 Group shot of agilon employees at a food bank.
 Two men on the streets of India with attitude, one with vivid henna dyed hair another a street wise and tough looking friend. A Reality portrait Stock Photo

* * *

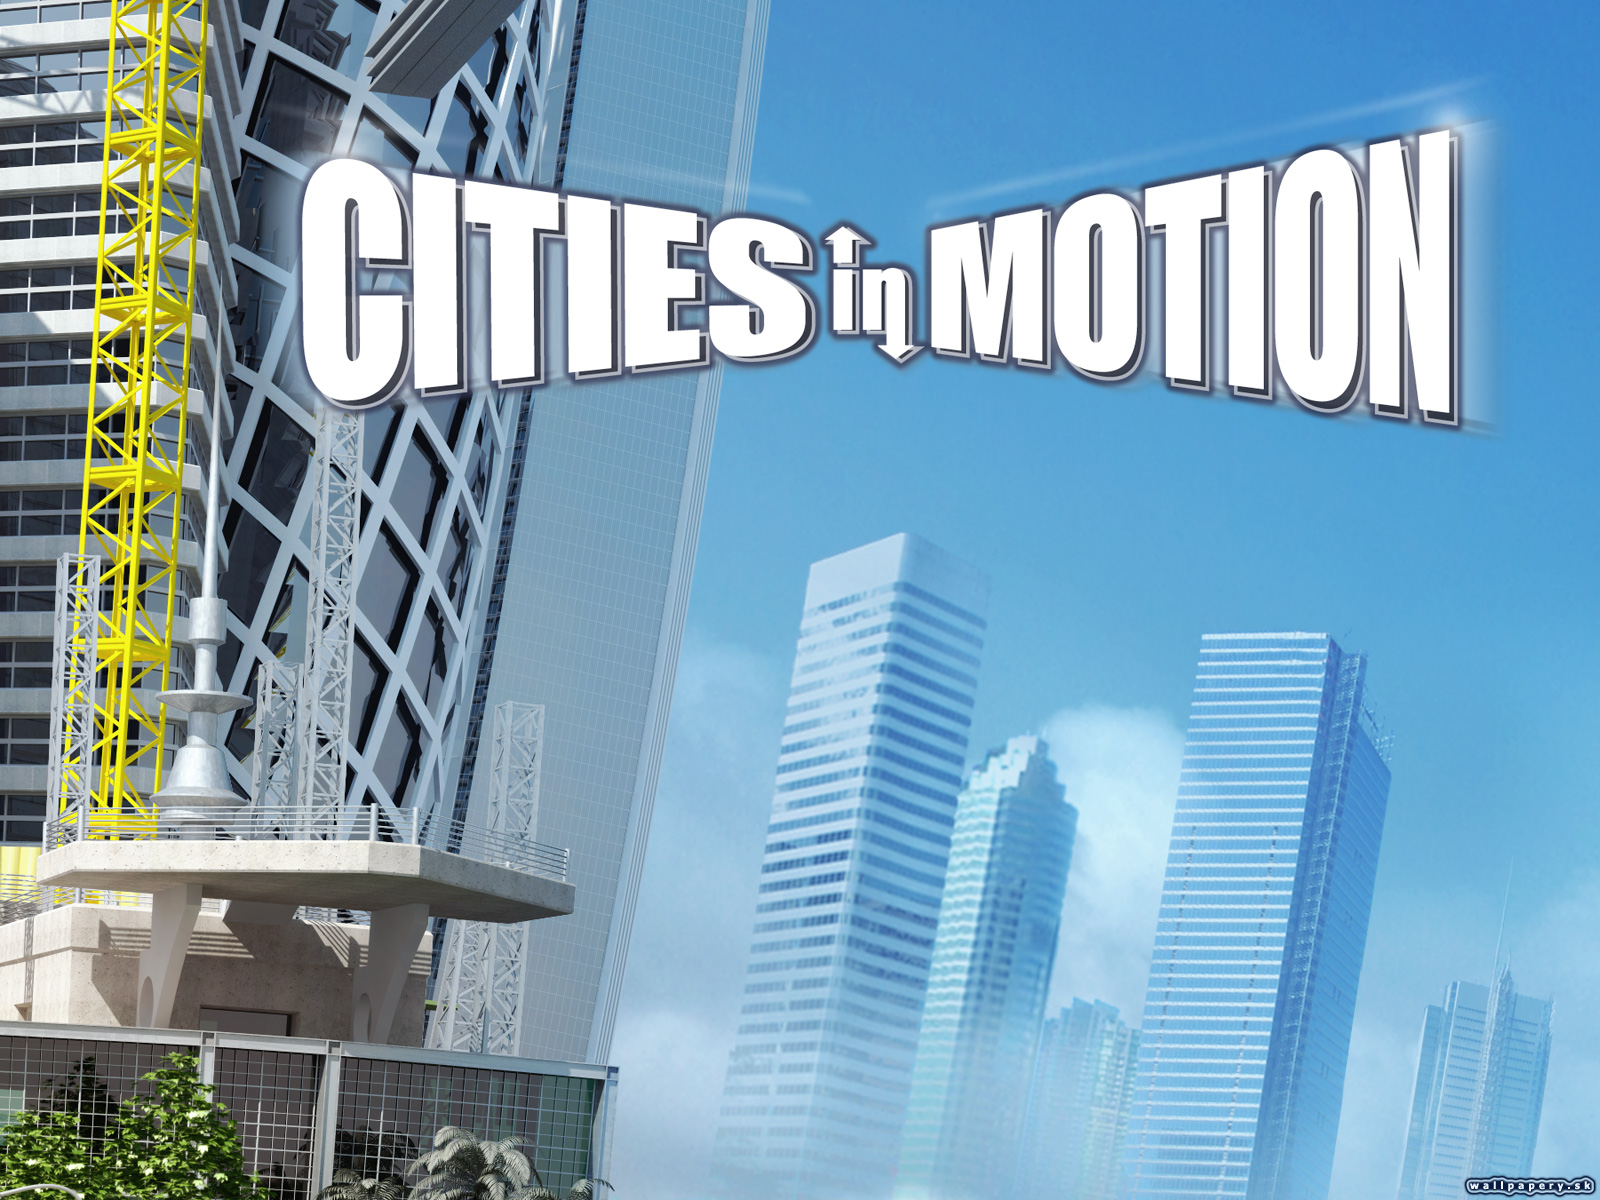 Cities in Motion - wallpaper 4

EXERCISE GOAL. Starting at the line that has "Group shot of" and ending at the line that has "Two men on the", please write out the lines above exactly, leaving out all others.

TASK ANSWER.
 Group shot of agilon employees at a food bank.
 Two men on the streets of India with attitude, one with vivid henna dyed hair another a street wise and tough looking friend. A Reality portrait Stock Photo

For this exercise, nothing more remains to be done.